As noted, the main pigment in plants that absorbs light is chlorophyll. Its two forms, chlorophyll a and chlorophyll b, are similar in structure, but slight differences in their chemical “side groups” produce slight differences in their absorption spectra. An absorption spectrum is a graph indicating how effectively a pigment absorbs different wavelengths of visible light. For example, chlorophyll molecules will absorb photons at the ends of the visible spectrum, the peaks you see in figure 6.3. While chlorophyll absorbs fewer kinds of photons than our visual pigment retinal, it is much more efficient at capturing them. Chlorophyll molecules capture photons with a metal ion (magnesium) that lies at the center of a complex carbon ring. Photons excite electrons of the magnesium ion, which are then channeled away by the carbon atoms.

 

 

Figure 6.3. Absorption spectra of chlorophylls and carotenoids.

The peaks represent wavelengths of sunlight strongly absorbed by the two common forms of photosynthetic pigment, chlorophyll a and chlorophyll b, and by accessory carotenoid pigments. Chlorophylls absorb predominantly violet-blue and red light, in two narrow bands of the spectrum, while they reflect the green light in the middle of the spectrum. Carotenoids absorb mostly blue and green light and reflect orange and yellow light.

 

While chlorophyll is the primary pigment involved in photosynthesis, plants also contain other pigments called accessory pigments that absorb light of wavelengths not captured by chlorophyll. Carotenoids are a group of accessory pigments that capture violet to blue-green light. As you can see in figure 6.3, these wavelengths of light are not efficiently absorbed by chlorophyll.

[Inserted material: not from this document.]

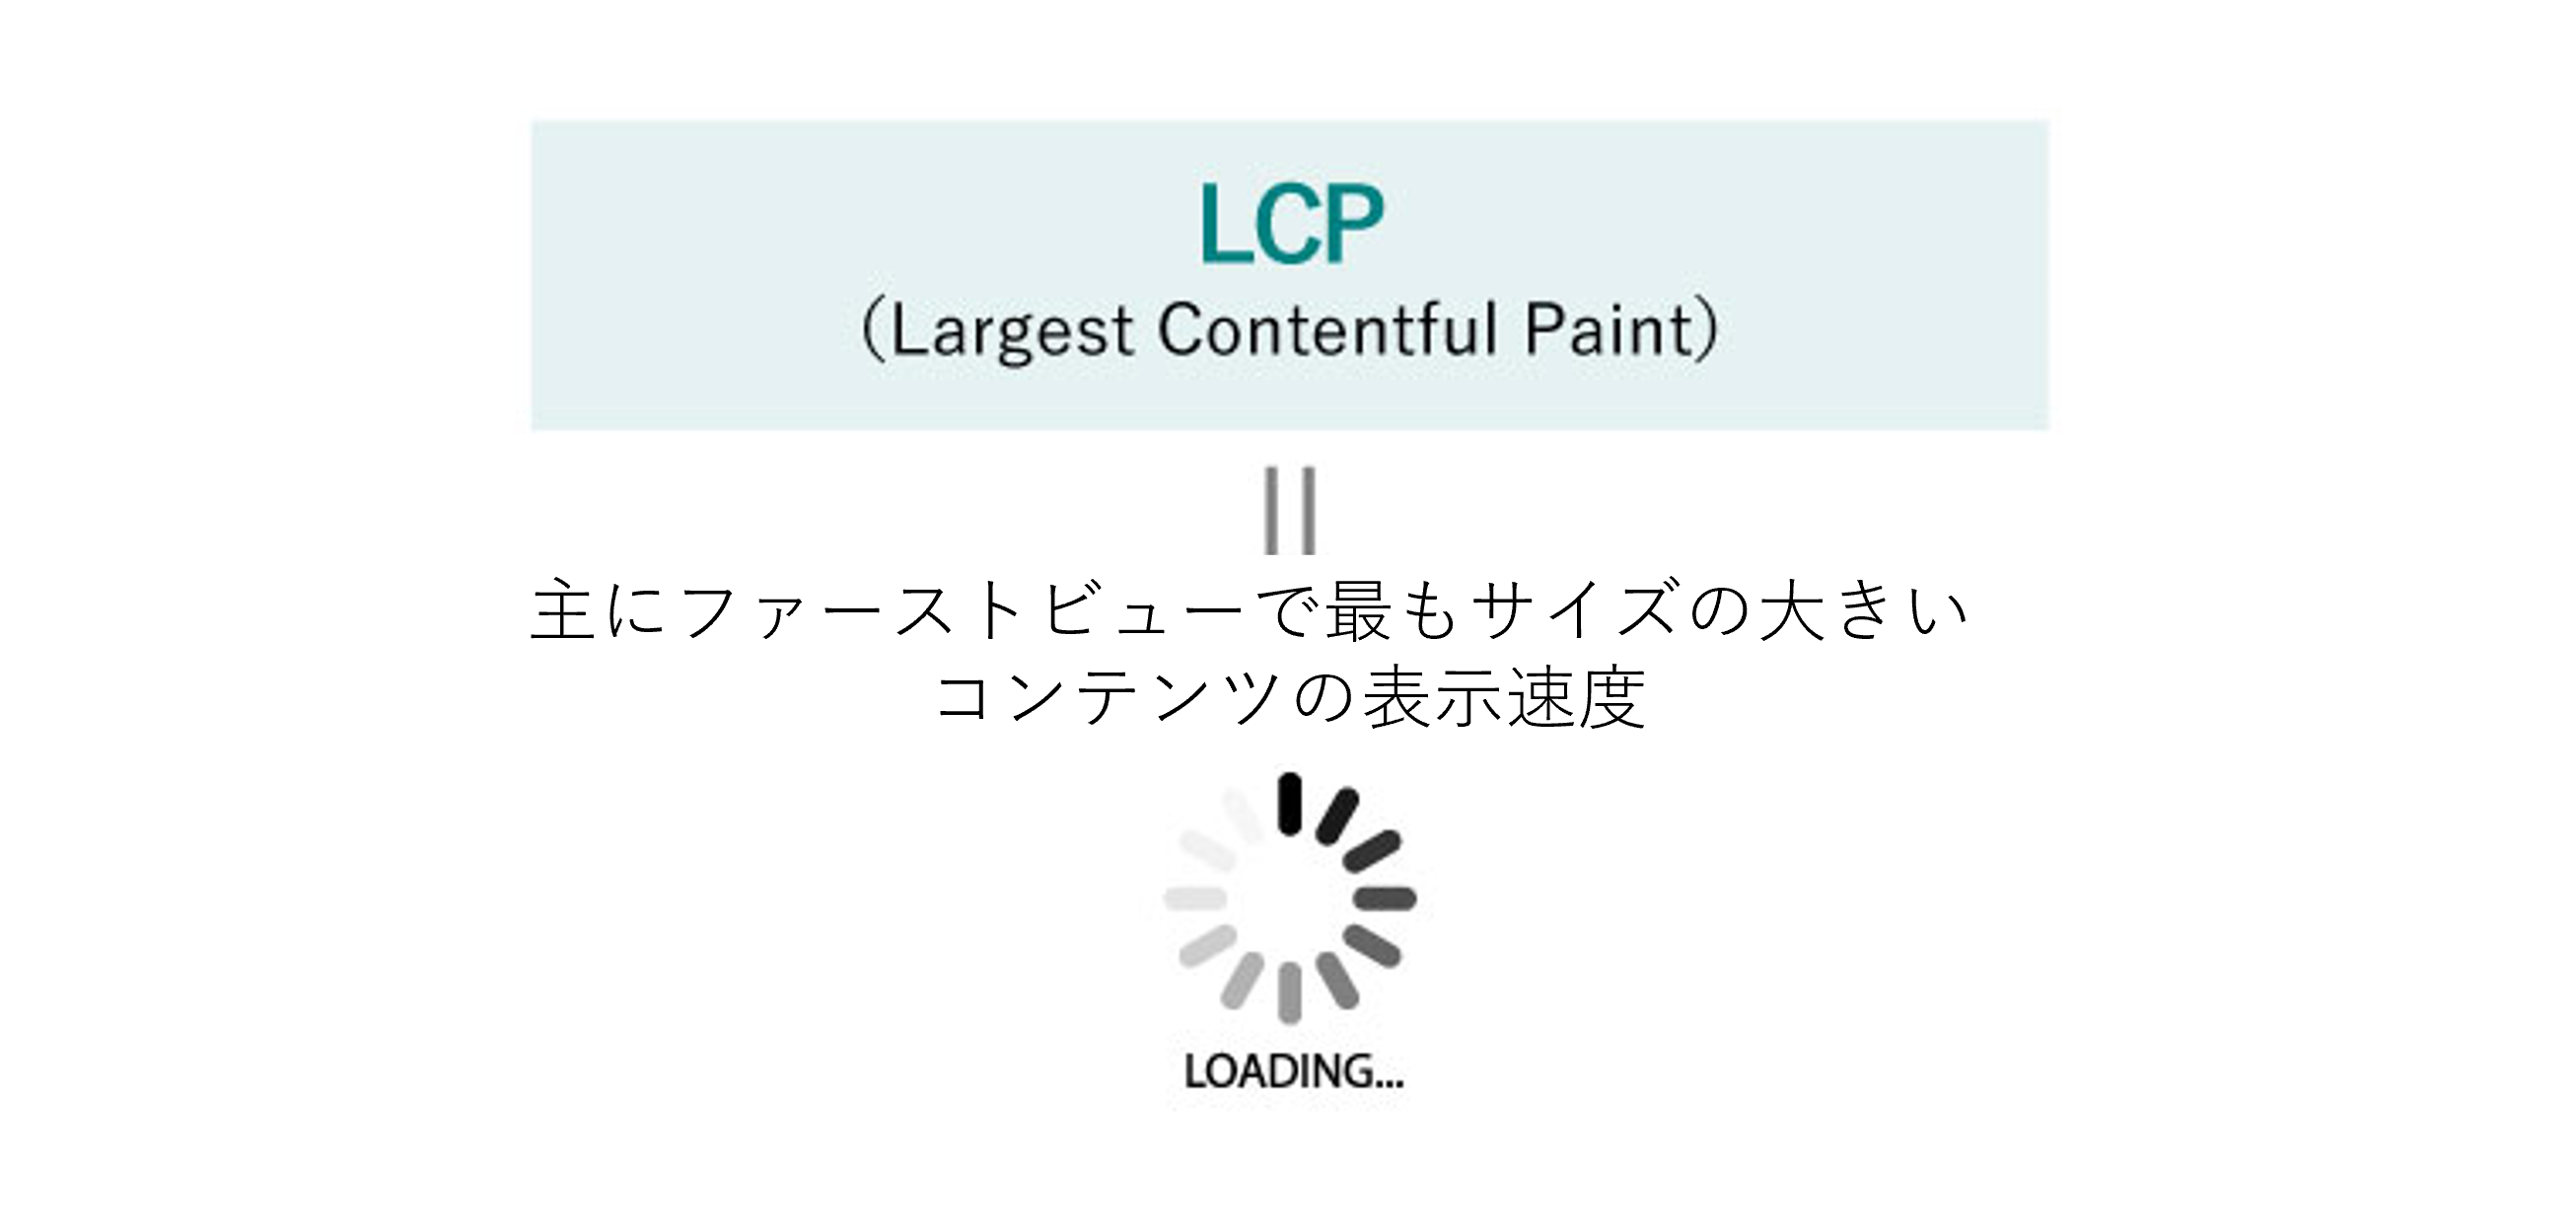 LCPとは主にファーストビューで最もサイズの大きい コンテンツの表示速度

Accessory pigments give color to flowers, fruits, and vegetables but are also present in leaves, their presence usually masked by chlorophyll. During the warm months, when plants are actively producing food through photosynthesis, their cells are filled with chlorophyll-containing chloroplasts that cause the leaves to appear green, like the oak leaves on the left side of figure 6.4. In the fall, the days become shorter and cooler and for many species, leaves stop their food-making processes. Their chlorophyll molecules break down and are not replaced. When this happens, the colors reflected by accessory pigments become visible. The leaves turn colors of yellow, orange, and red, like the oak leaves on the right.

 

 

Figure 6.4. Fall colors are produced by pigments such as carotenoids.

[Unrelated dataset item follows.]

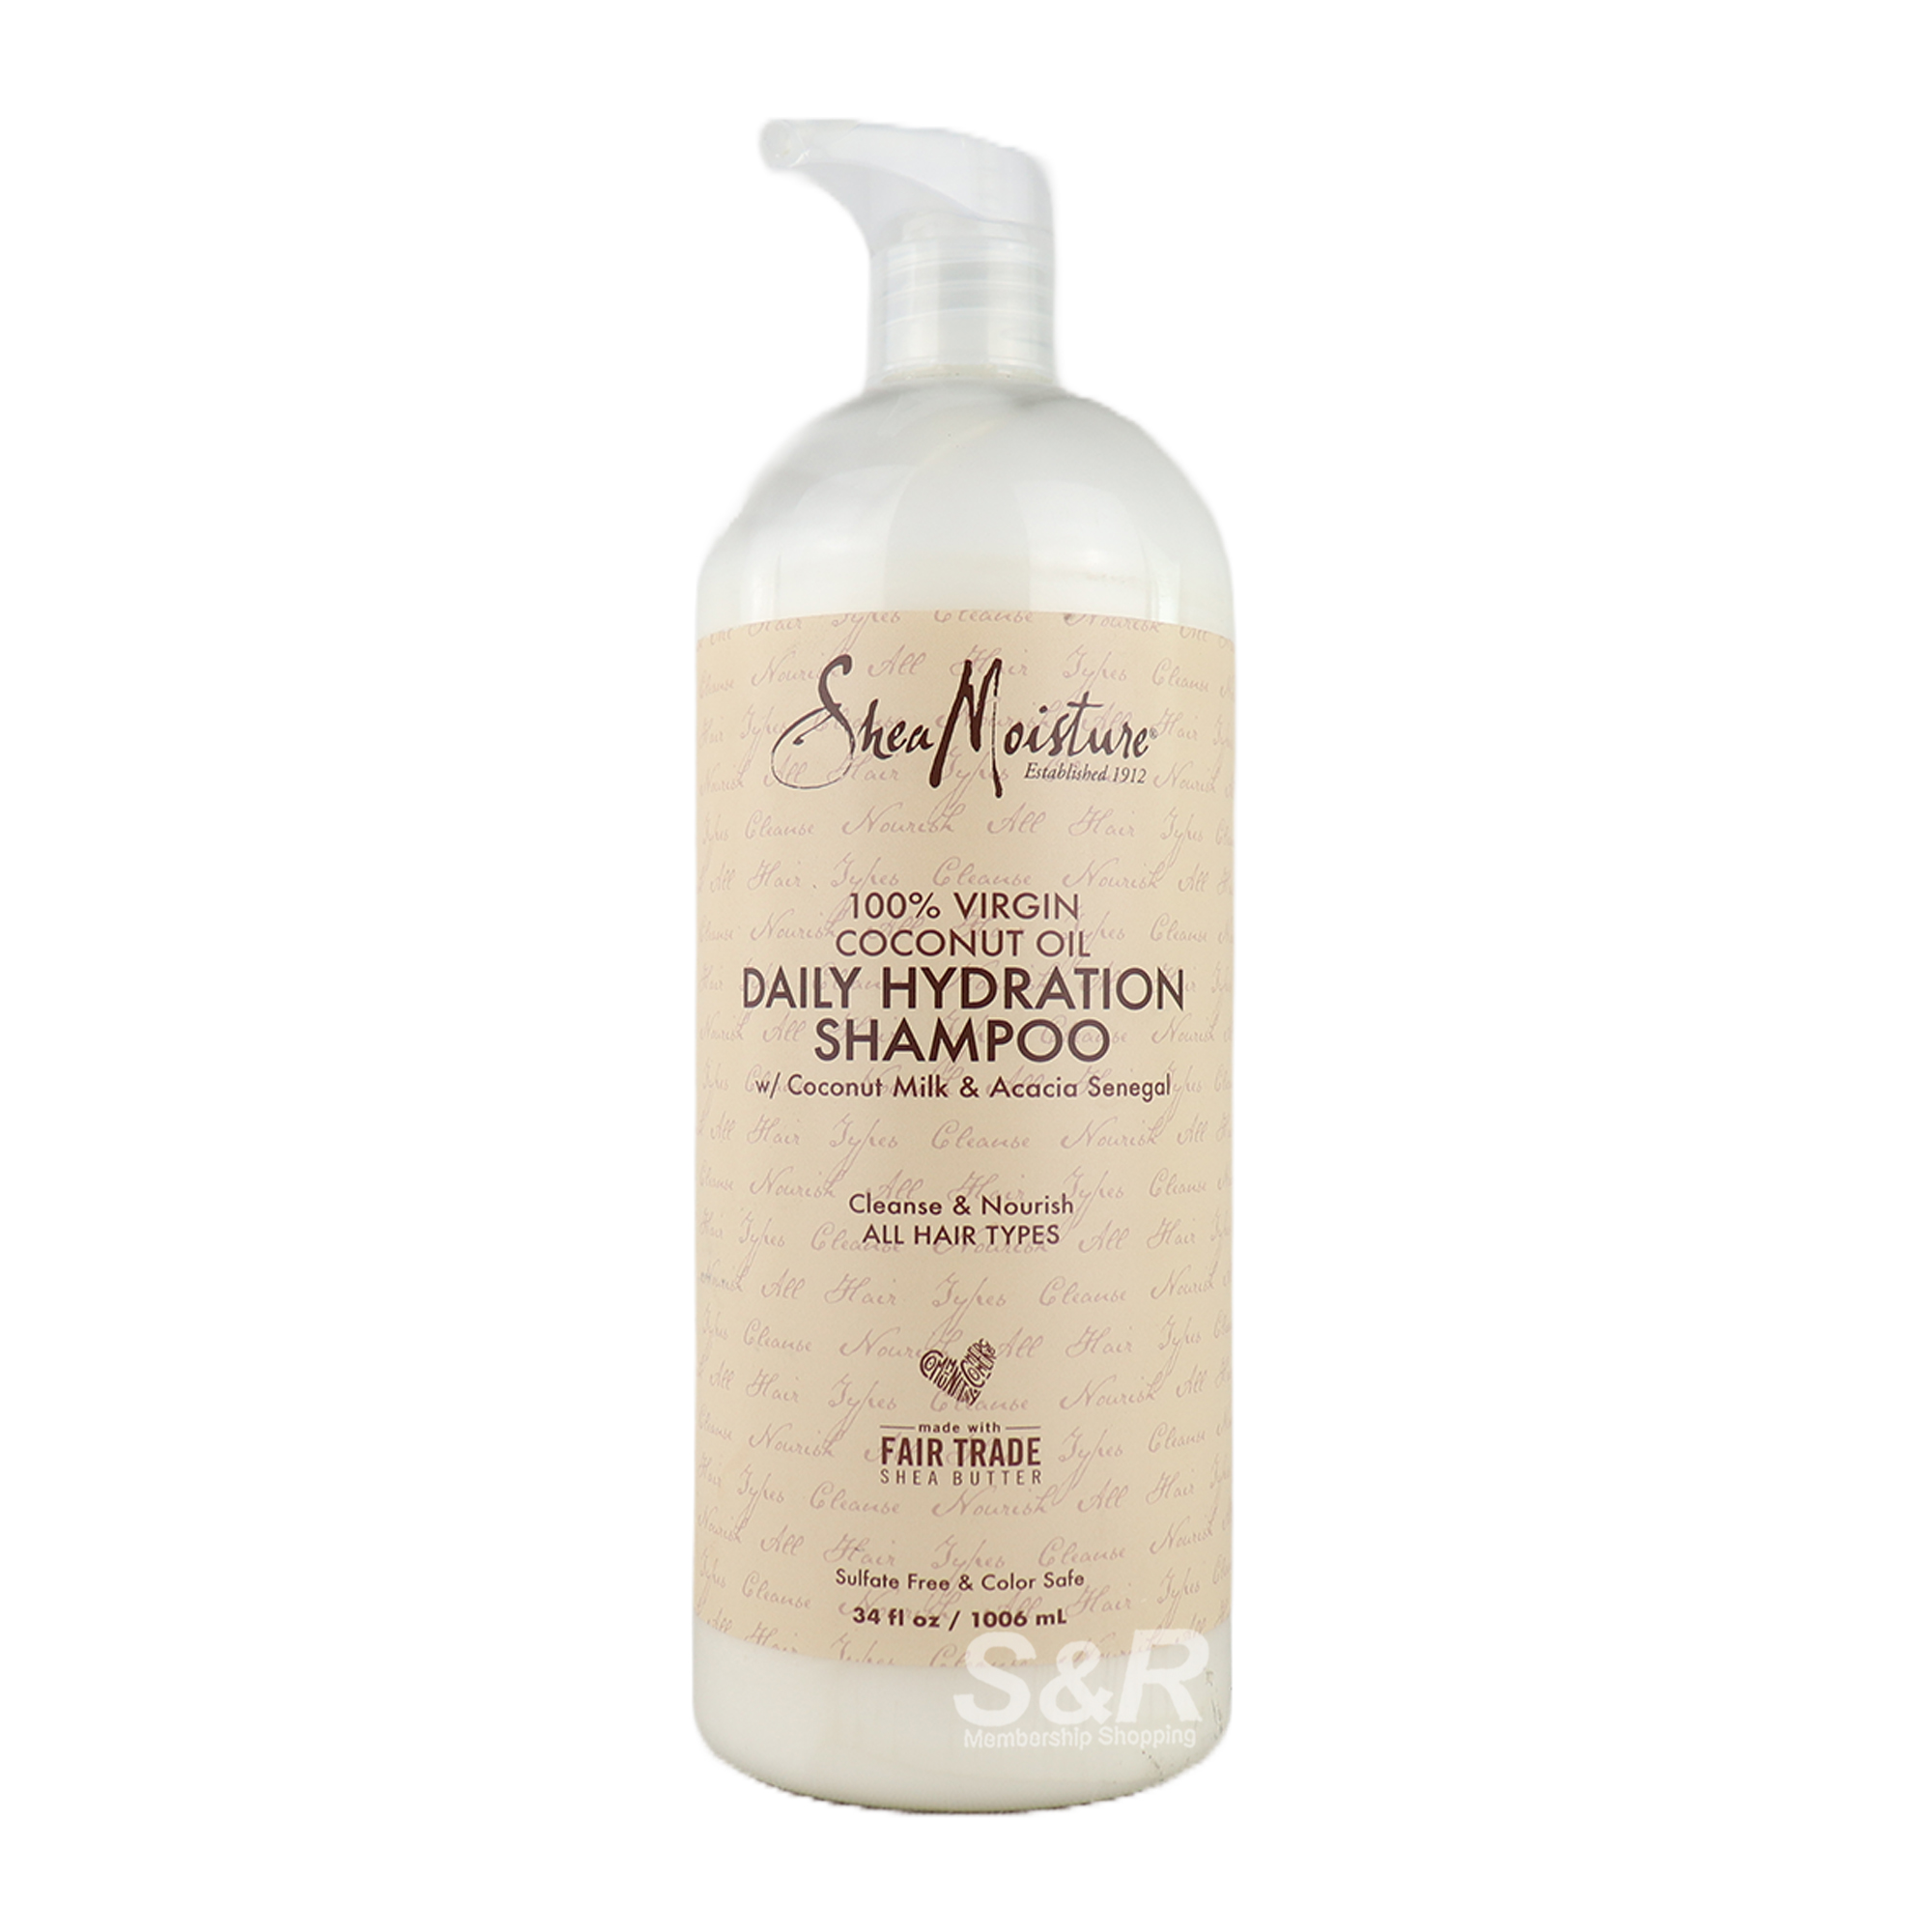 Shea Moisture Daily Hydration Shampoo 1006mL

During the spring and summer, chlorophyll masks the presence in leaves of other pigments called carotenoids. Cool temperatures in the fall cause leaves of deciduous trees to cease manufacturing chlorophyll. With chlorophyll no longer present to reflect green light, the orange and yellow light reflected by carotenoids gives bright colors to the autumn leaves.

 

Key Learning Outcome 6.2. Plants use pigments like chlorophyll to capture photons of blue and red light, reflecting photons of green wavelengths.